# INPUT FOR THIS TASK
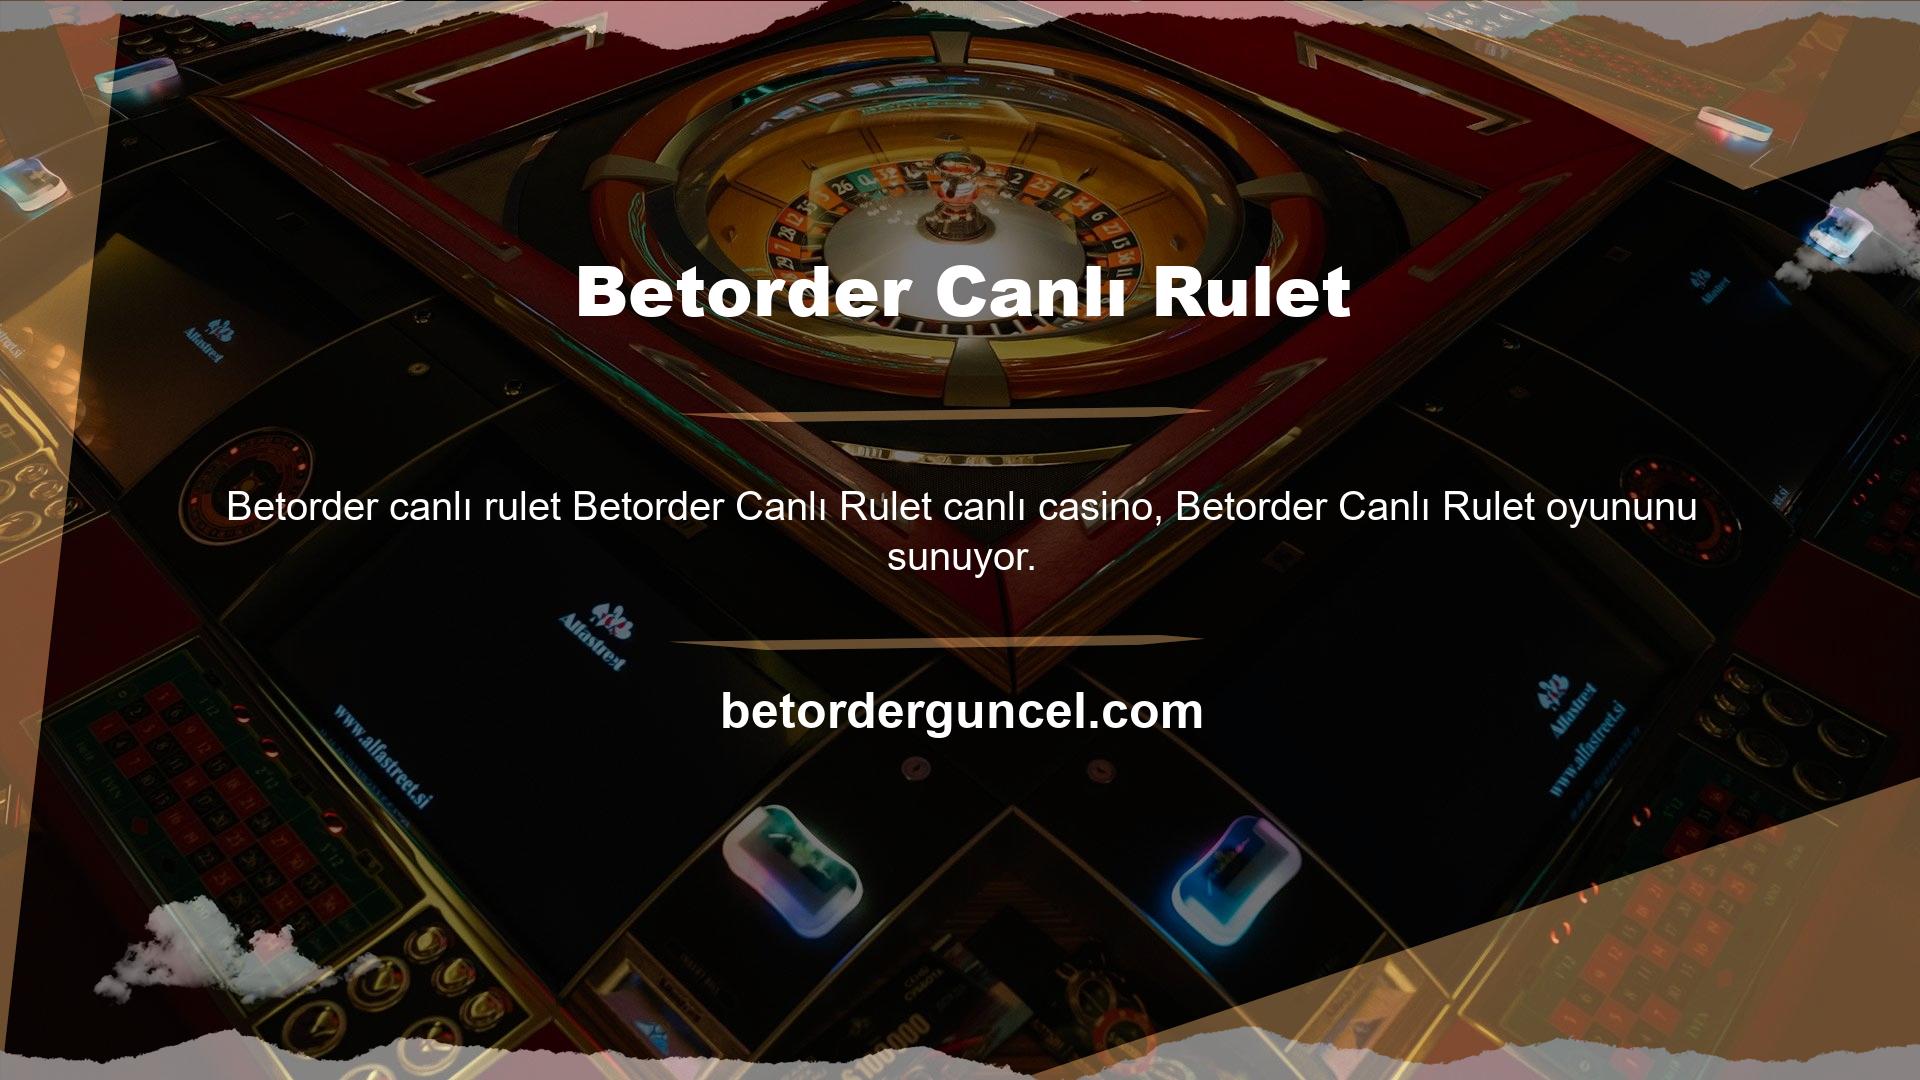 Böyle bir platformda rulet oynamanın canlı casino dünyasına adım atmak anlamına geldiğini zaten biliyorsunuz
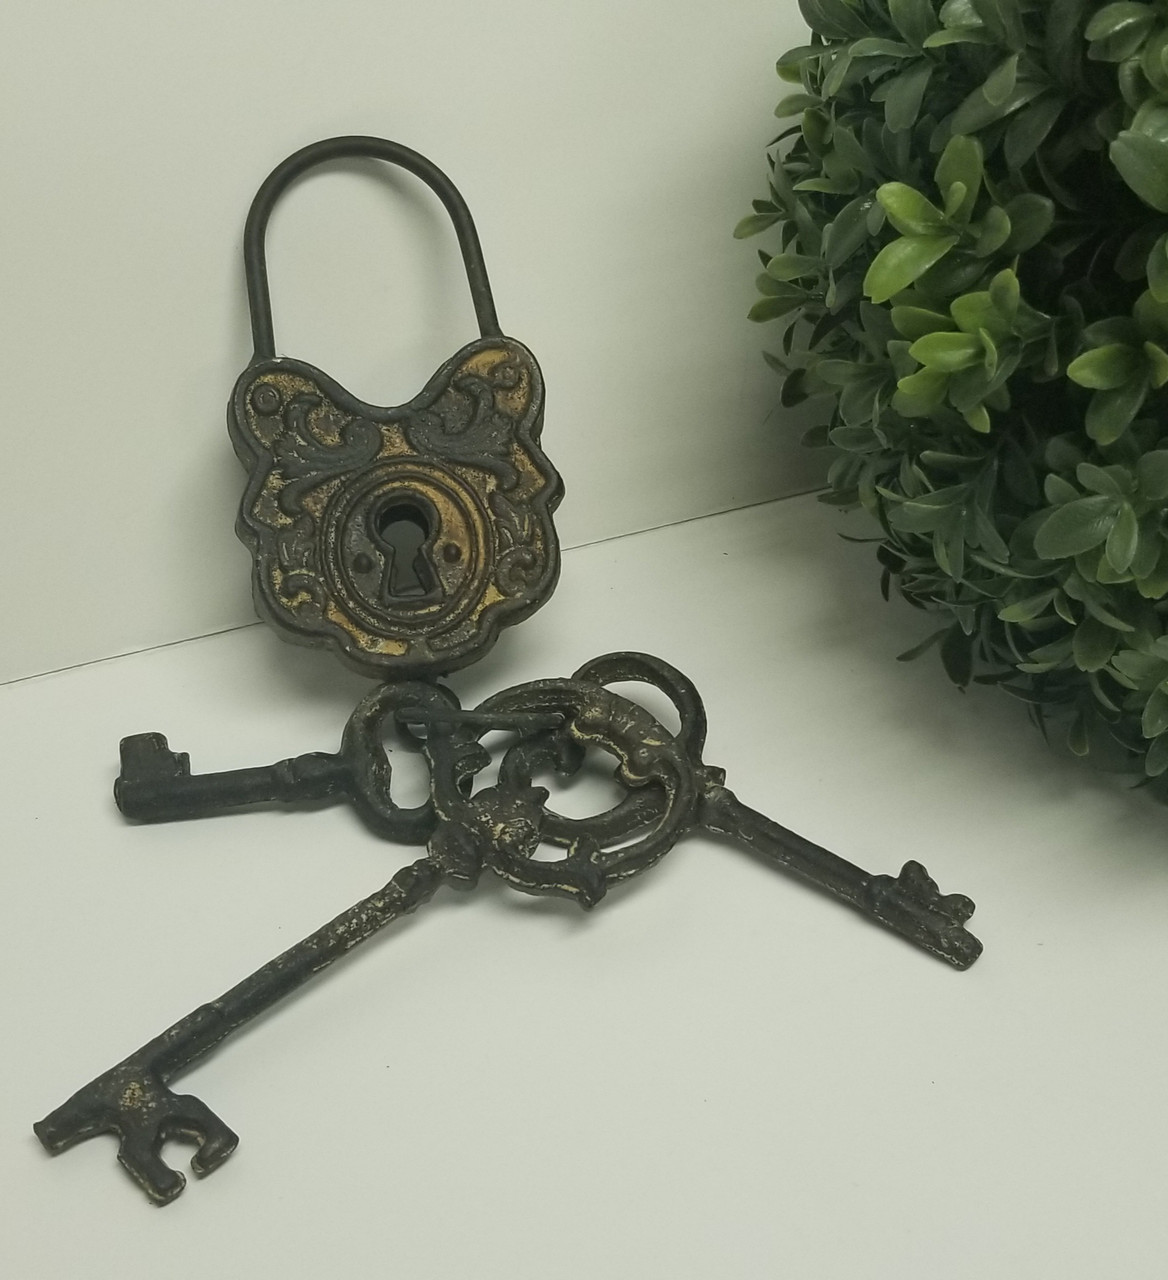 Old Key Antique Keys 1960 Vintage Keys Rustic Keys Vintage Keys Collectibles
...
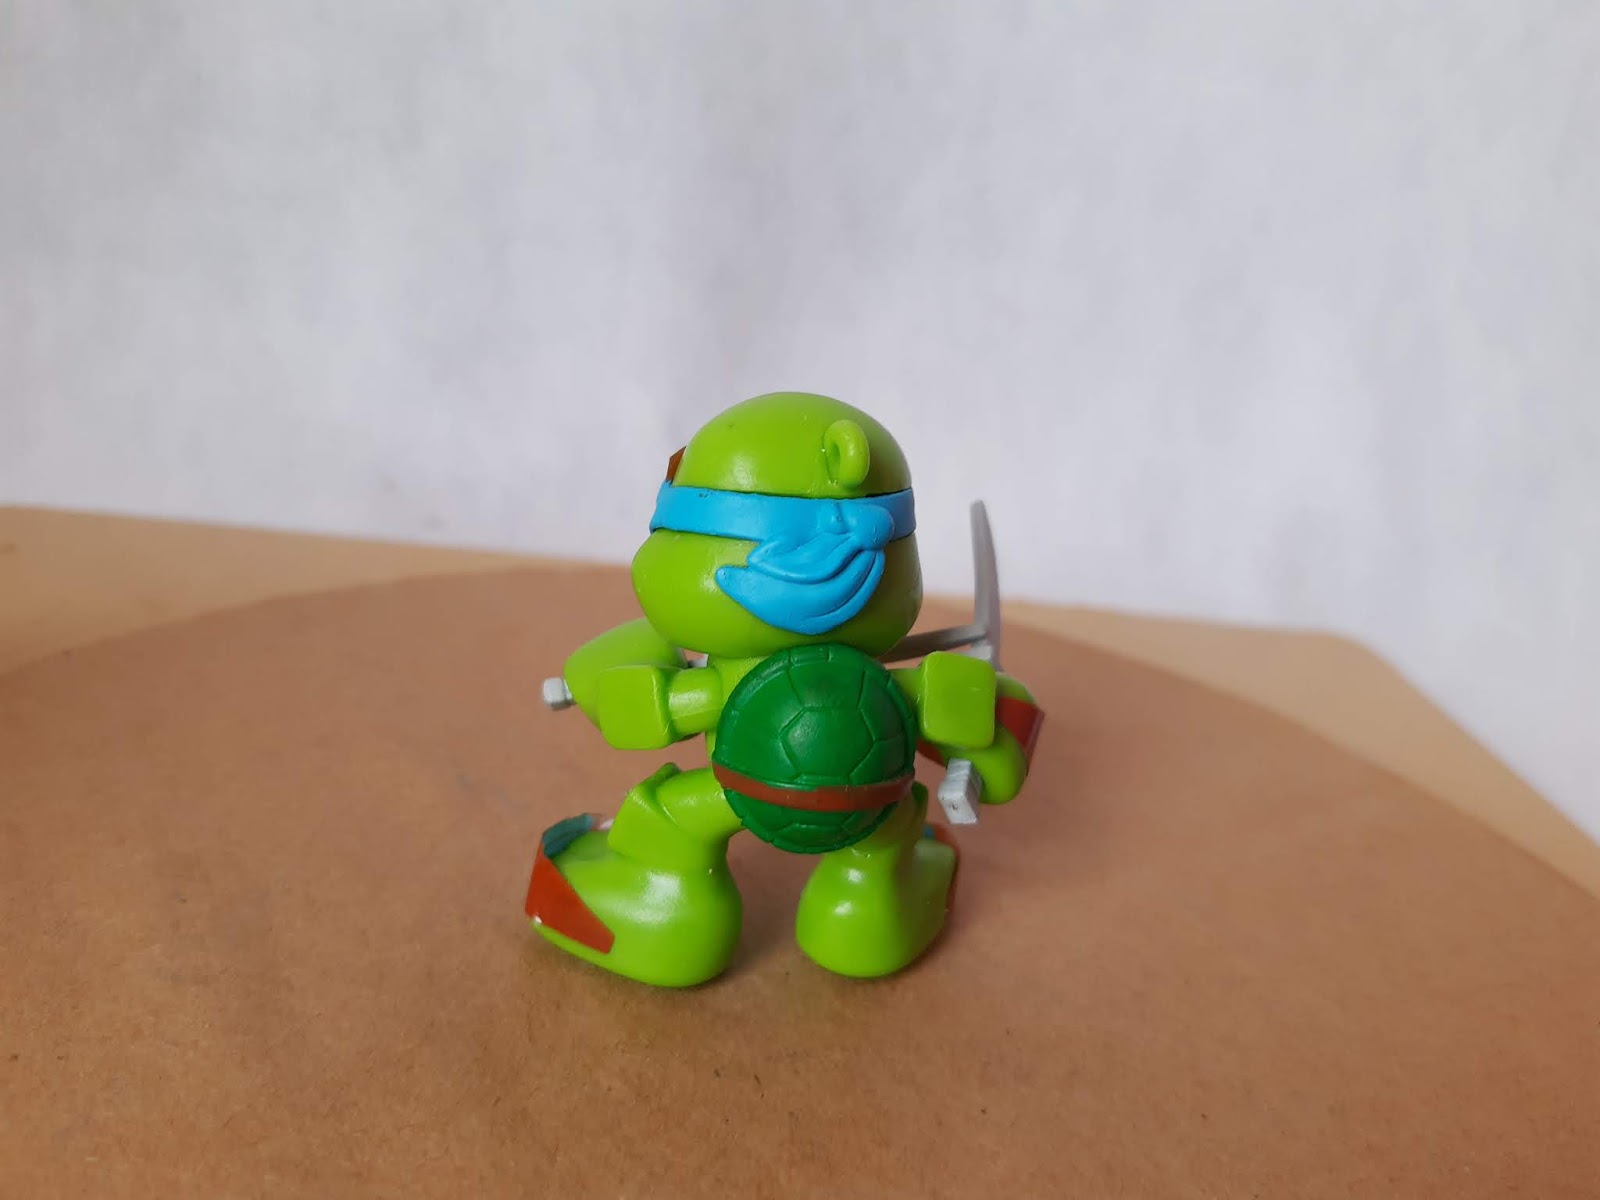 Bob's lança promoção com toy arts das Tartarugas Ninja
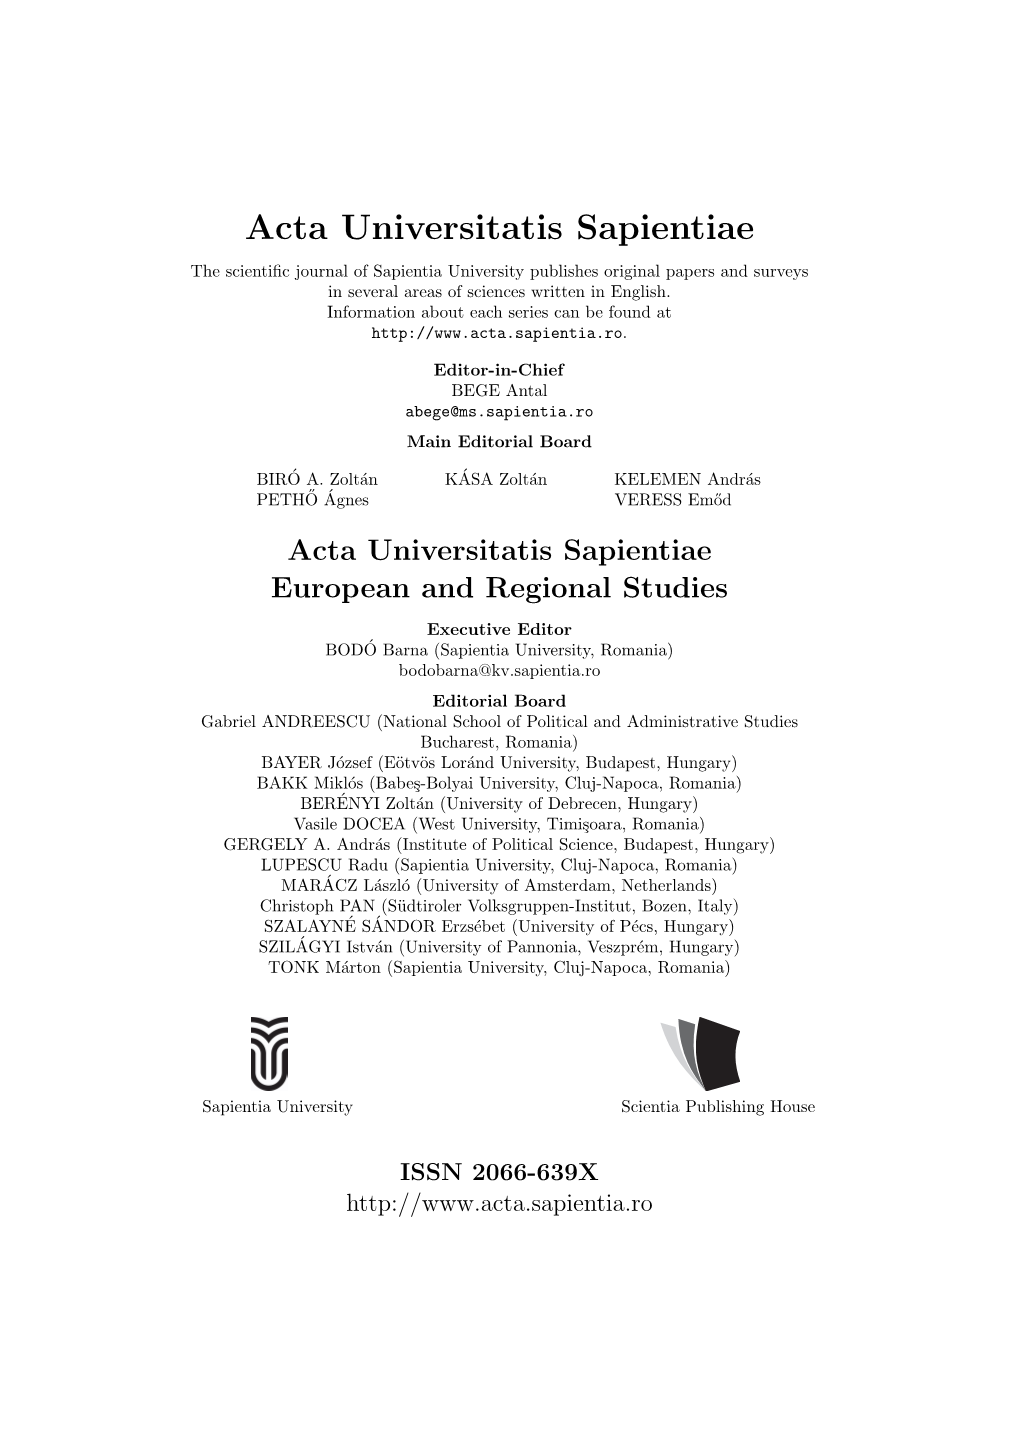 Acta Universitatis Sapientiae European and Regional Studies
--
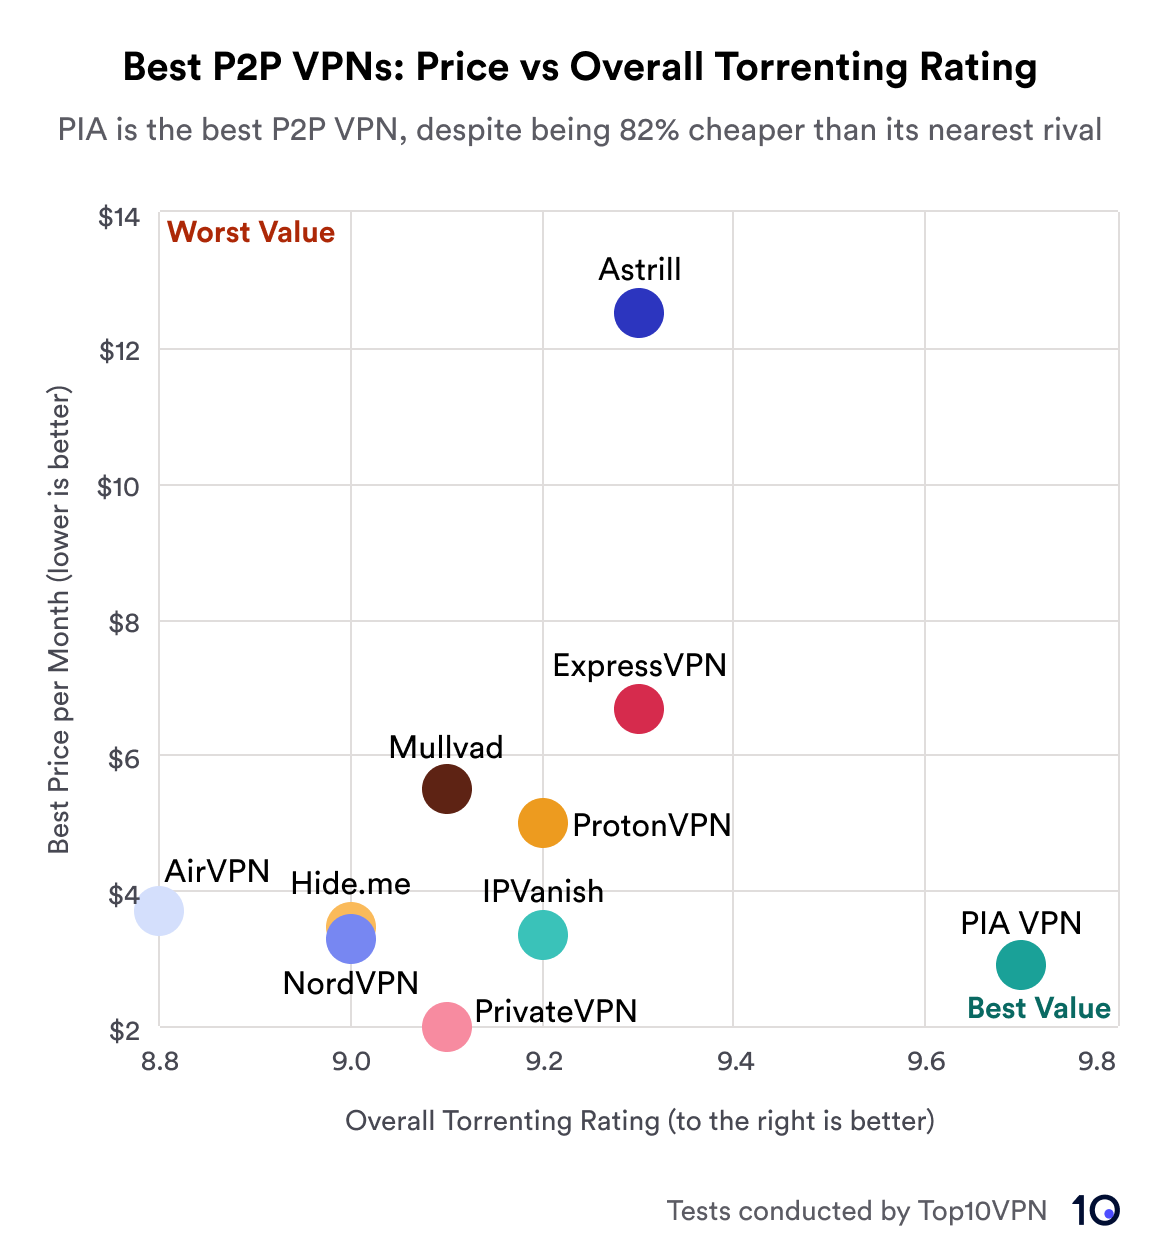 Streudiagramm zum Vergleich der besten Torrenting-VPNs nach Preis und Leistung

# ACTIVITY
From the listing above, please give again the lines that begin with the line holding "Bob's lança promoção" and go on through the line holding "Acta Universitatis Sapientiae", exactly, both ends included, minus any picture.

# RESULT
 Bob's lança promoção com toy arts das Tartarugas Ninja
 Acta Universitatis Sapientiae European and Regional Studies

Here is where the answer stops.